My friend Pam kicked off her flip-flops and shimmied up inside the tree, tossing fruit down to me while her ever-curious wirehair dachshund bobbed and weaved the cannonballs that rained down every time Pam reached for a new branch.  To get to what she couldn’t reach, we used an old wooden ladder and a grabber (like the kind folks with arthritis use) as we tempted gravity’s mood for some especially gorgeous prizes high up.

We ate fruit as we picked, dripping juice everywhere and raving about how fantastic they were. Sweet, crisp and incredibly juicy, they were the best I’ve ever had.   My neighbor’s fondness for calling them “pear-apples” is actually a misnomer, though, because the fruit is not actually a hybrid of pears and apples. It is a pear species in its own right — actually the world’s oldest known cultivated pear — Pyres pyrifolia, native to China, Japan and Korea.

Pam and I managed to fill eight paper grocery bags with good, solid fruit, plus two more bags of bruised fruit for her chickens and two big tubs of too-far-gone specimens for the green bin.  When we were done, we shook our heads in disbelief as we saw that half the fruit was still on the tree.

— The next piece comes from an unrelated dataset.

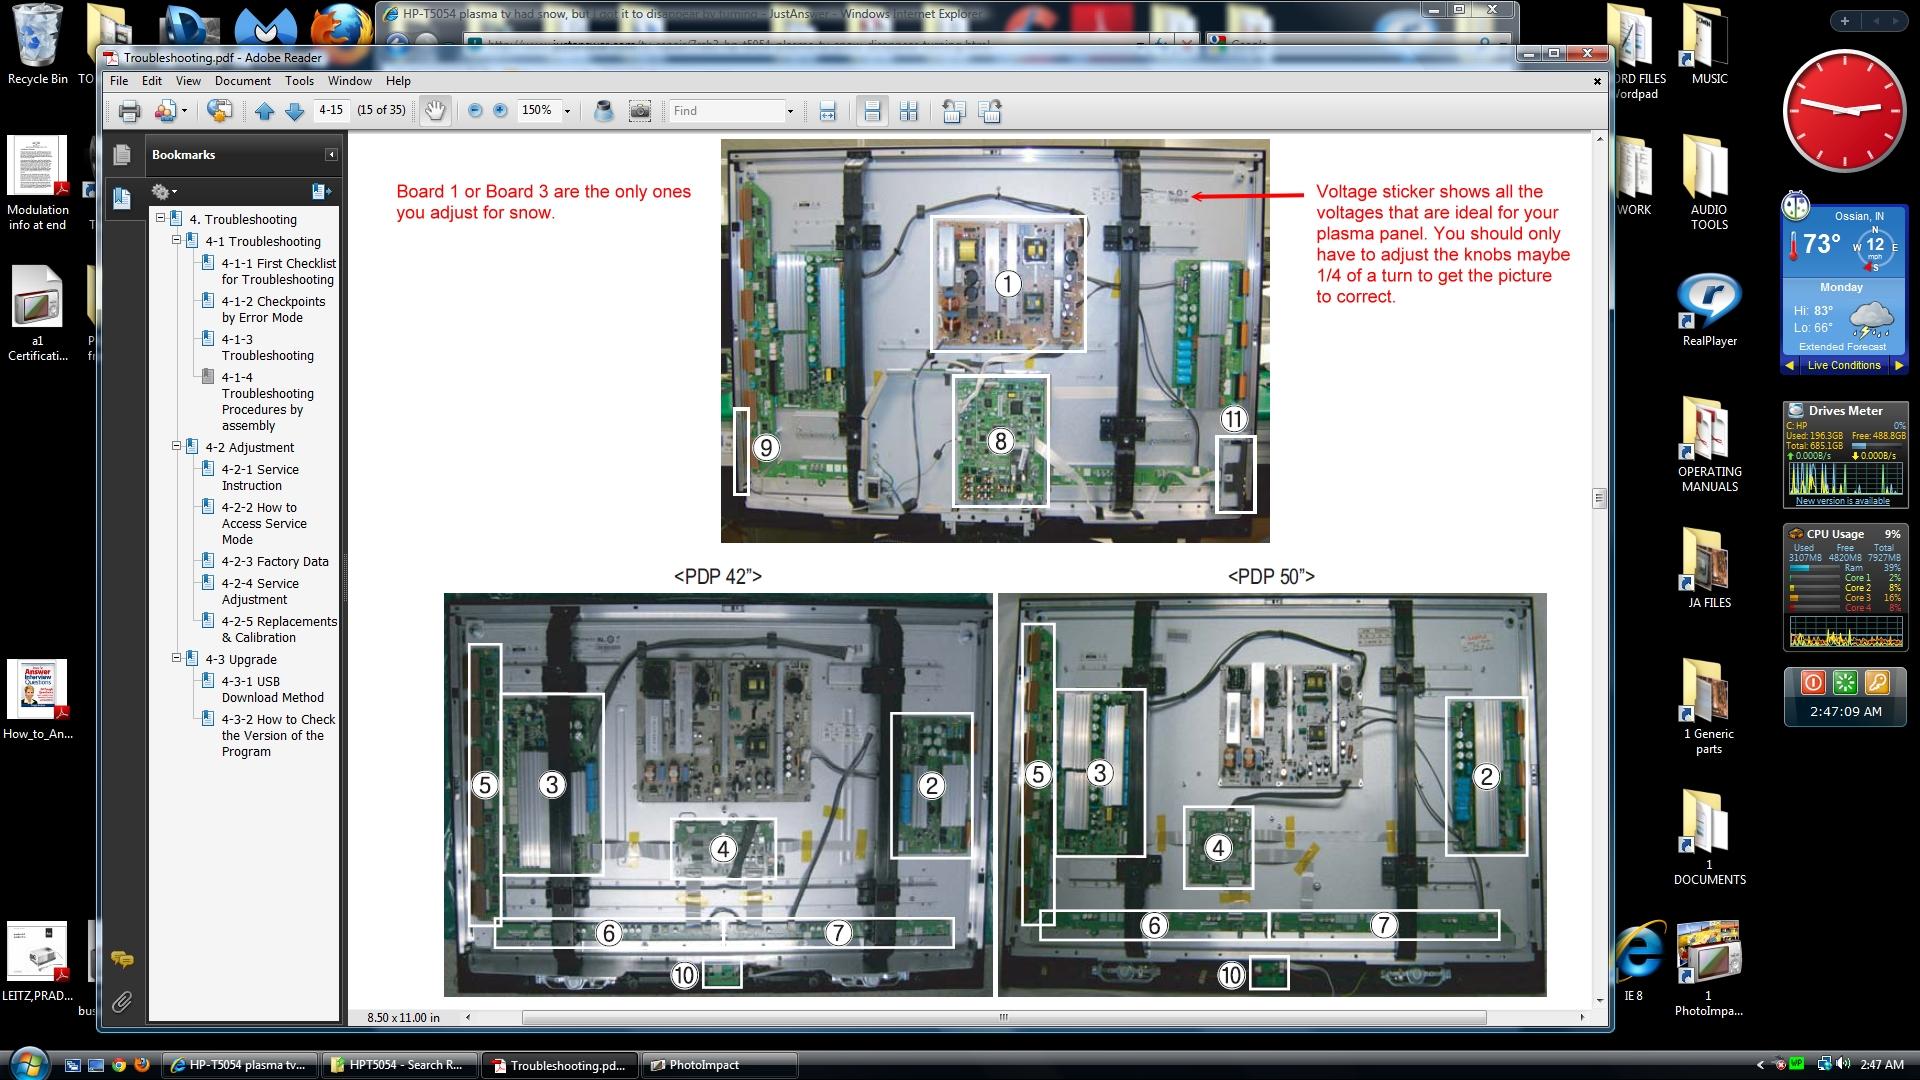 Aqw hack 2014 free download. como crackear elfbot 8.60 no windows 8. intern

Back home, I lugged out the bathroom scale and stood on it with bags in each hand. The total for my six bags: 95 lbs of fruit.  “Good Lord,” I said aloud, “What am I going to do with 95 lbs of Asian pears?”

You aren’t likely to find Asian pear pies or jams because the fruit has such a high water content and a somewhat grainy texture. They also bruise very easily and spoil quickly, especially when they are heaped in a bag, so I knew there was just one answer: make applesauce (umm, pearsauce).

And thus began a two-day marathon of peeling, coring, chopping, simmering, mashing, jar sterilizing and hot bath canning.  I made three gallons of Asian pear sauce so perfect and sweet that it needed no sugar, no spice, no nothing. It will make wonderful holiday gifts for neighbors who didn’t get in on the picking.

Even after all the canning, though, I still had two bags of fruit left. At that point, I started pawning them off on anyone who would take them – including the Golden Gate Organics driver who showed up at my house last Tuesday! After setting aside half a dozen to eat myself, I took the last of them to Oakland’s Chabot stables for the horses, who seemed to enjoy them as much as we humans do.

Having fruit trees is a blessing, and witnessing a bumper crop like this one seems nothing short of miraculous. But it can definitely be a challenge to not let the harvest go to waste. Besides inviting folks to come pick every year, my neighbor takes fruit down to a local food bank.  The website www.AmpleHarvest.org is an easy way to find a food pantry near you that accepts homegrown produce.

If you live in the East Bay and need help harvesting fruit from your own trees, you can contact People United for a Better Life in Oakland (PUEBLO) at (510) 535-2525 or pueblo@peopleunited.org. PUEBLO staff and volunteers will harvest your trees and donate the fruit to low-income seniors in Oakland.

Because more than anything, a good harvest is a gift that is meant to be shared.